In Colossus, this general model is extended by abstracting to the sum and product of terms and subterms. In this vignette, the value calculated to quantify the risk of an event will be denoted as the risk, R, however the exact meaning differs. In Cox proportional hazard modeling, the risk calculated is a hazard ratio. In Poisson modeling the risk calculated is an estimated number of events per person-year. The risk ($R$) has a set formula dependent on terms ($T$). Each term has a formula dependent on the product of subterms ($S$). Each subterm is a function of a single covariate ($x$) and several parameters ($\alpha,\beta$). There are currently five types of risk models available. The risk can be expressed as an additive model ($R_A$), product additive model ($R_{PA}$), Product additive excess model ($R_{PAE}$), multiplicative excess model ($R_M$), or the geometric mixture model with relative risks or excess risks ($R_{GMIX}$).

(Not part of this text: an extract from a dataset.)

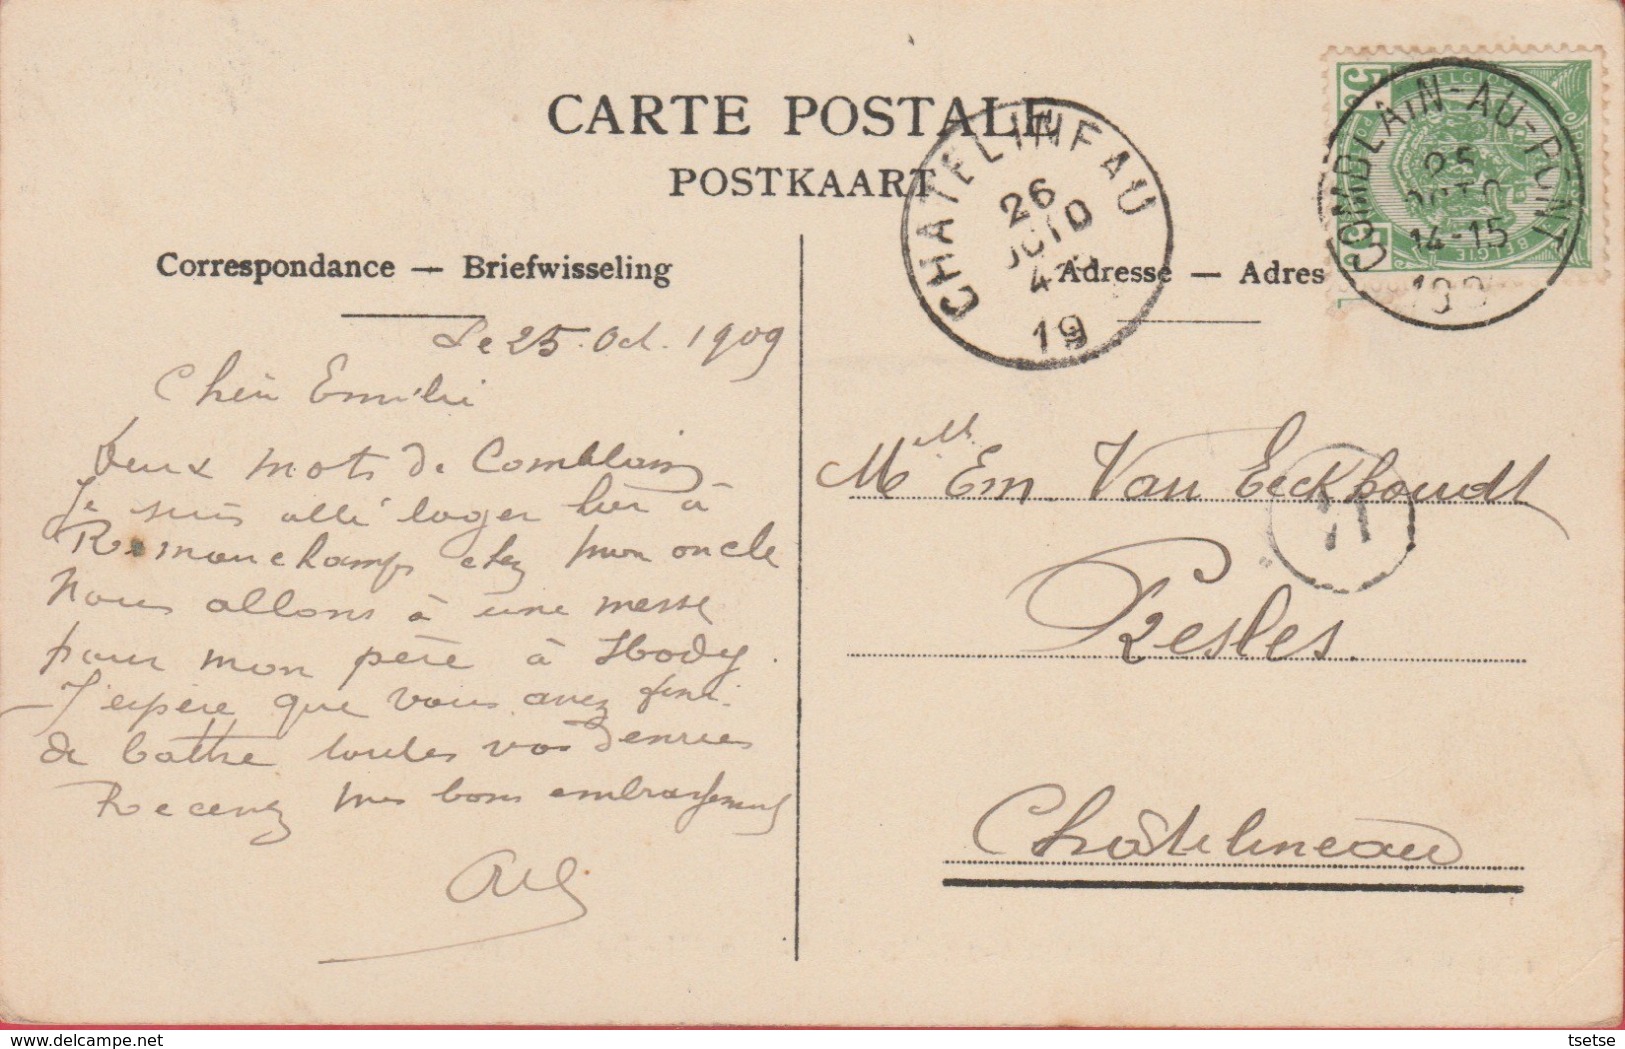 Comblain-au-Pont - La Vieille Eglise - 1909 ( Voir Verso ) - Comblain-au-Pont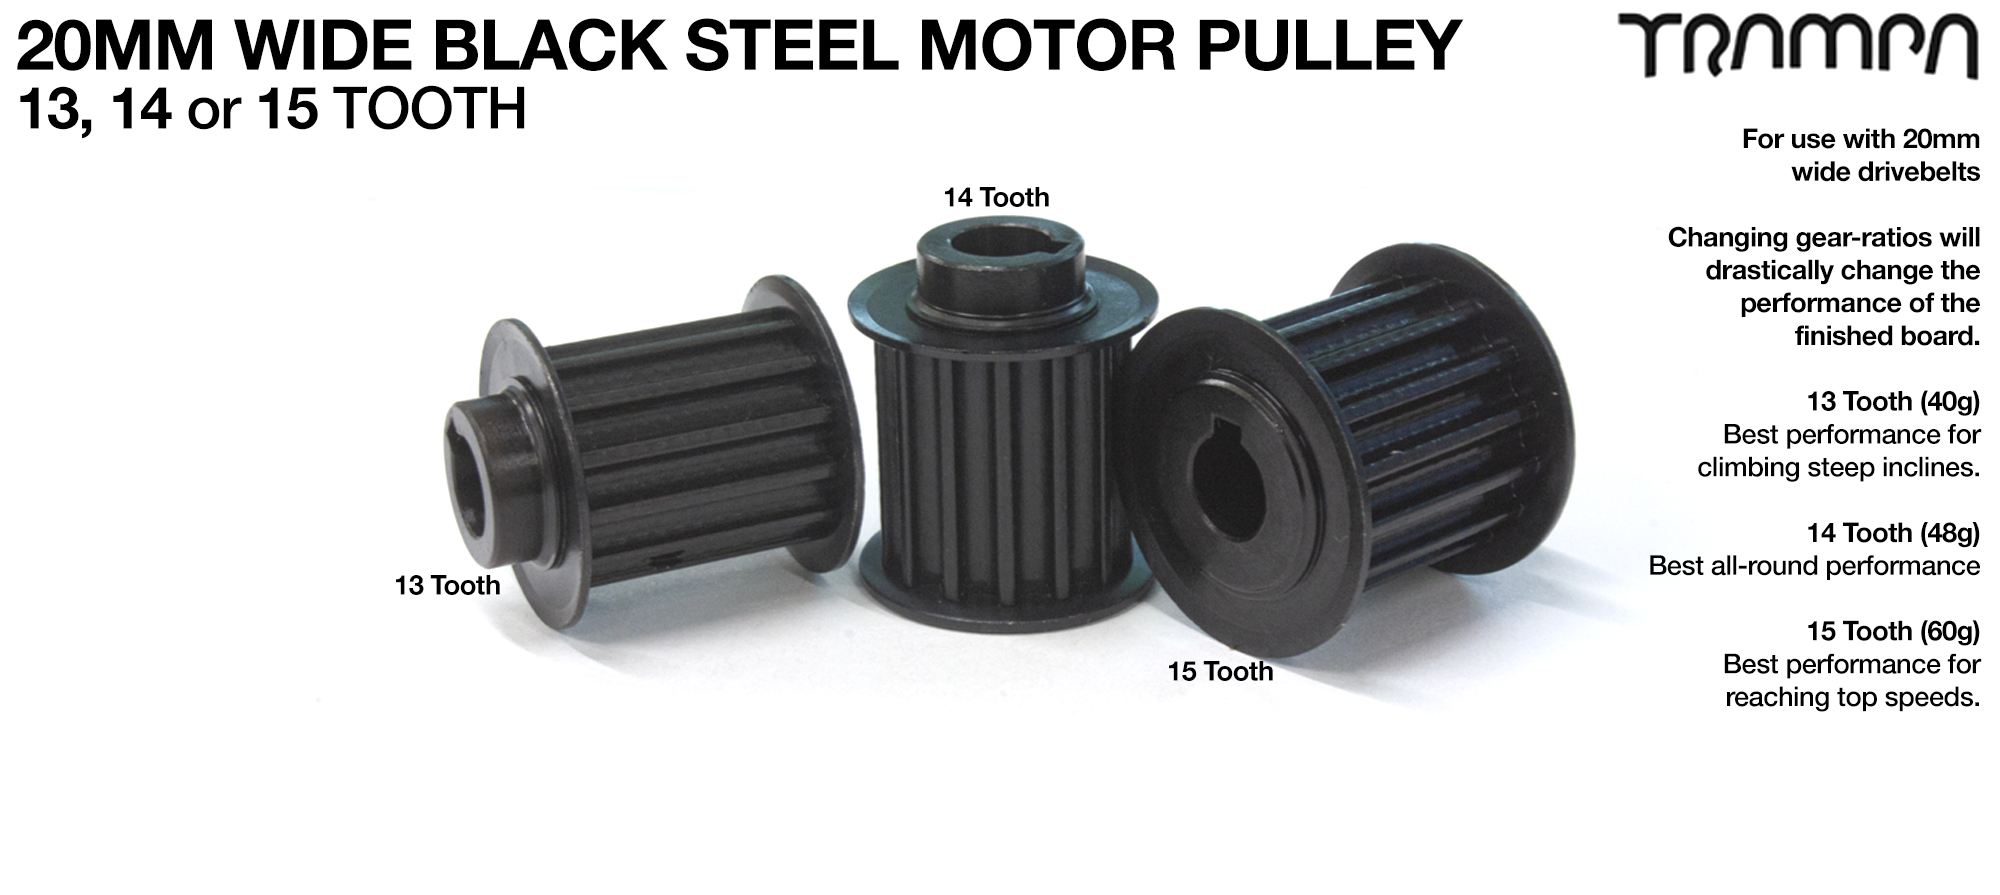 Custom 20mm wide Steel Motor Pulley 13, 14 or 15 tooth

$$ \begin{aligned} R_{A}= \sum_{i=0}^n T_i\\ R_{PA}= T_0 \times \sum_{i=1}^n T_i\\ R_{PAE}= T_0 \times (1 + \sum_{i=1}^n T_i)\\ R_{M}= T_0 \times \prod_{i=1}^n( 1 + T_i)\\ R_{GMIX} = T_0 \times \left(\prod_{i=1}^n(T^{*}_i) \right) ^ \theta \times \left( 1 + \sum_{i=1}^n (T^{*}_i - 1) \right)^{1-\theta}\\ T^{*}_i = \begin{cases} T_i &\text{Relative Risk} \\ T_i+1 &\text{Excess Risk} \end{cases}\\ \end{aligned} $$

Each term is composed of a combination of 4 types of subterms. Every covariate is part of a log-linear subterm, a linear subterm, a product-linear subterm, or a general non-linear term. The log-linear subterm ($S_{LL}$) is the exponential of a linear combination of covariates. The linear subterm ($S_L$) is a linear combination of covariates. The product-linear subterm ($S_{PL}$) is one plus a linear combination of covariates. The general non-linear term ($S_{NL}$) is the sum of exponential terms, quadratic terms, linear-threshold terms ($F_{LT}$), step function terms ($F_{STP}$), linear-quadratic terms ($F_{LQ}$), and linear-exponential terms ($F_{LEXP}$). Each term is the product of the non-empty subterms.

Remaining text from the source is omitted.